On March 16, World Health Organization director-general Dr. Tedros Adhanom Ghebreyesus said: “You cannot fight a fire blindfolded, and we cannot stop this pandemic if we don’t know who is infected. We have a simple message for all countries: Test, test, test, test.”

The B.C. government is not doing this, saying, “Who should be tested for COVID-19? People with respiratory symptoms who are: hospitalized, or likely to be hospitalized; health-care workers; residents of long-term care facilities; part of an investigation of a cluster or outbreak.”

It is still not testing “… people without symptoms” and “patients with mild respiratory symptoms who can be managed at home, including returning travellers with an onset of illness within 14 days of return to Canada.”

B.C. test results take up to three days to appear. The BC Centre for Disease Control website says: “People who have been tested are asked to wait 72 hours before calling the Negative Results line. Most people who have been tested are calling before the 72 hours and, as a result, the line is experiencing an extremely high call (rate)."

That sounds more like an understaffed corporate complaint line than a public service response to a dangerous pandemic.

Simultaneously, awareness that asymptomatic infected persons spread infection is growing — while some British Columbians continue to ignore social distancing and self-isolation.

Sergio Romagnani, one of the medical experts overseeing the miraculous sparing of Vo, the little town in Italy that tested everyone — twice — and now has no further infections, put it this way in the British Medical Journal: “Isolation of asymptomatics is essential for controlling the spread of the virus ...”

Public confidence in such circumstances might be enhanced by news that testing is critical and will be expanded as soon as possible, as soon as the BCCDC can get fast and reliable test kits.

Countries that have suppressed COVID-19, like Singapore and South Korea, have done so by including aggressive testing and case followup from the very beginning of their response in the early days of the burgeoning pandemic. They have also made masks mandatory in the community, as more countries are doing.

For a successful campaign against COVID-19, authorities need a low threshold for testing and access to effective and efficient — and abundant — tests.

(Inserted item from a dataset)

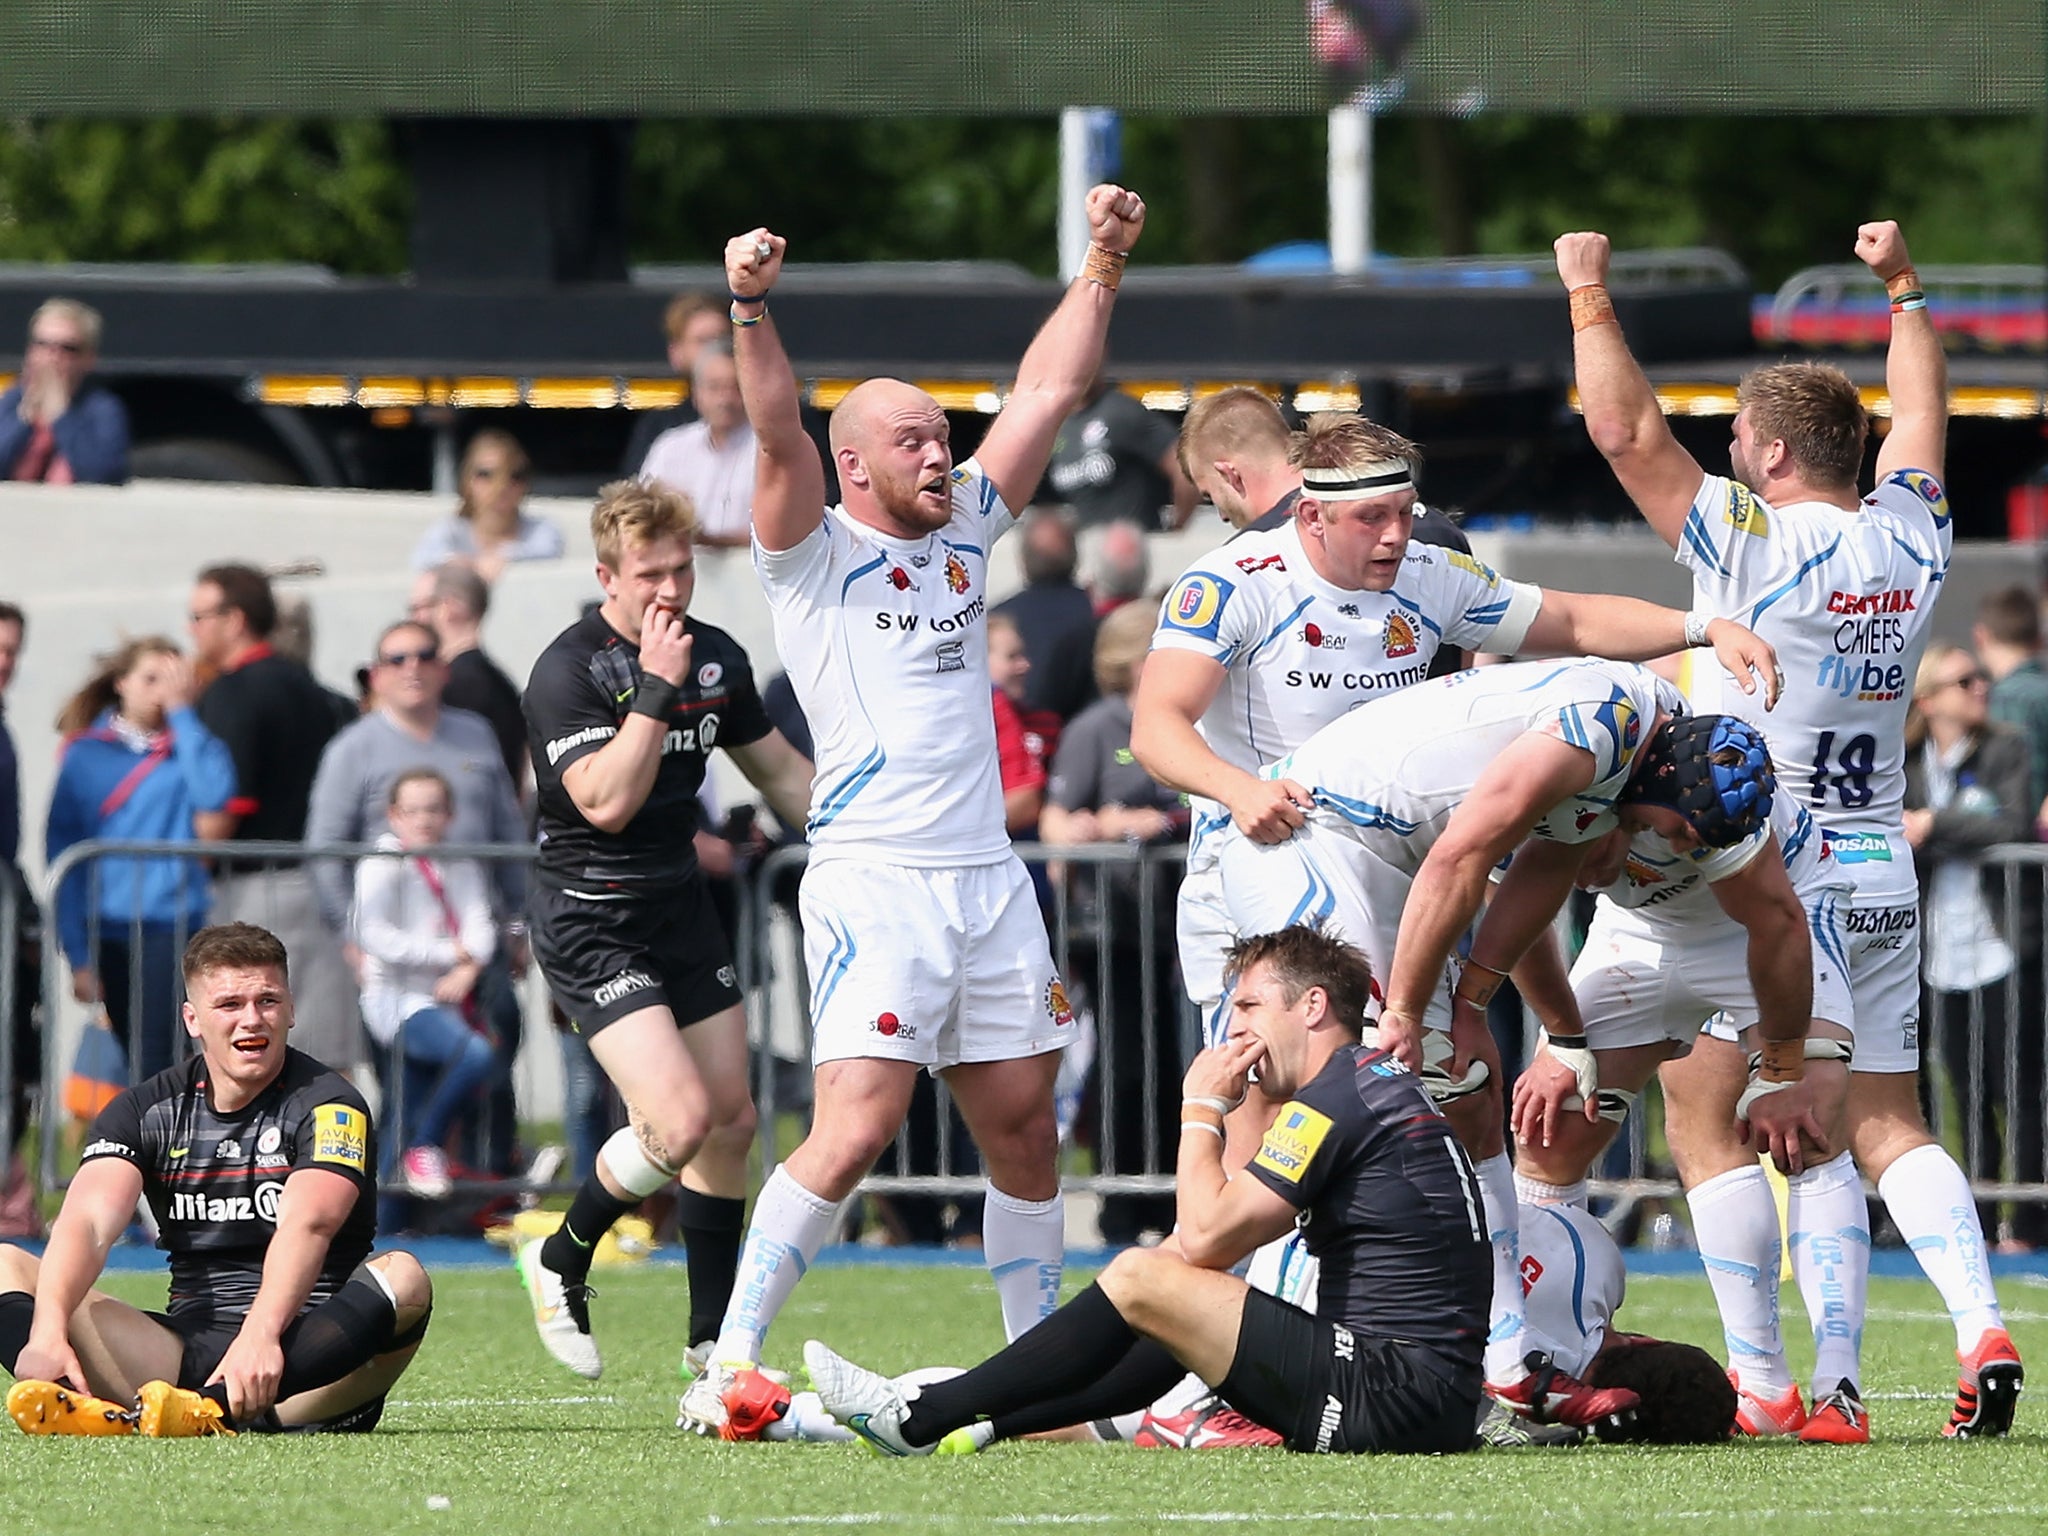 Exeter Chiefs celebrate their victory in the Aviva Premiership match against Saracens

Taiwan suppressed COVID-19 differently. With a well-funded public health system that began preparing years ago — and an epidemiologist as its vice-president — authorities carried out fewer than 25,000 total tests because they had access to “big data” on citizens that allowed precise tracking of travel movements of Taiwanese citizens and others — data that would be difficult to obtain in Canada because of privacy laws.

Many European countries, noting the calamities in Spain and Italy, are expanding testing. Britain is desperately trying to ramp up its testing program, while Sweden now realizes its hands-off approach lacks testing rigour.

The worst testing boondoggle arises from Donald Trump’s moral inadequacy, leading to opportunities missed and a chaotic approach among the patchwork of state responses.

Individual U.S. states are grappling with a perplexing mix of public, private, research and academic facilities — all with different standards and protocols.

One national company, Quest Diagnostics, has failed to expand its California facilities for high-throughput capacity, while still accepting samples (oddly, it’s paid for samples taken, not tests completed). As of March 31, Quest had nearly 60,000 unprocessed samples.

Possibly infected patients must be treated as positive until their sample is finally processed, causing overuse of precious PPEs (personal protective equipment) by doctors and nurses. As Dr. Geoff Baird from the University of Washington put it: “Lab turnaround time is PPE.”

For a successful campaign against COVID-19, authorities need a low threshold for testing and access to effective and efficient — and abundant — tests.

Only then can they fight this fire without blindfolds.

Exactly.
The story from Vo is relatively new, but old enough that it should have lit a fire under the (pardon me) arses of the laggards in charge.
They've clearly heard criticism, as the national Chief Officer of Public Health has bothered to share on national TV that "at first we didn't know anything about this virus." Well, demmit, by the time we got our very first case, China had shared a lot of their experience and findings, that could and should have been found and more sought out. But apparently we only rely on made-in-North-America studies. And even then, our "medical experts" on TV misrepresent the findings.
IOW, this is quite likely the biggest boondoggle of the century. And no, China didn't say, "Don't take patients into hospital." After they noticed they were getting clusters from one residence, they removed the sick individual from the home, and quarantined the home. In Korea, they put people up in "residences" where the care came to them, as did meals.
I appeciate that our "freedoms" limit the effectiveness of actions that could be taken in China and Korea. But that's no excuse for sticking to testing criteria that guarantee each sick person will infect, on average, 2.5 others *before* they even qualify to be tested.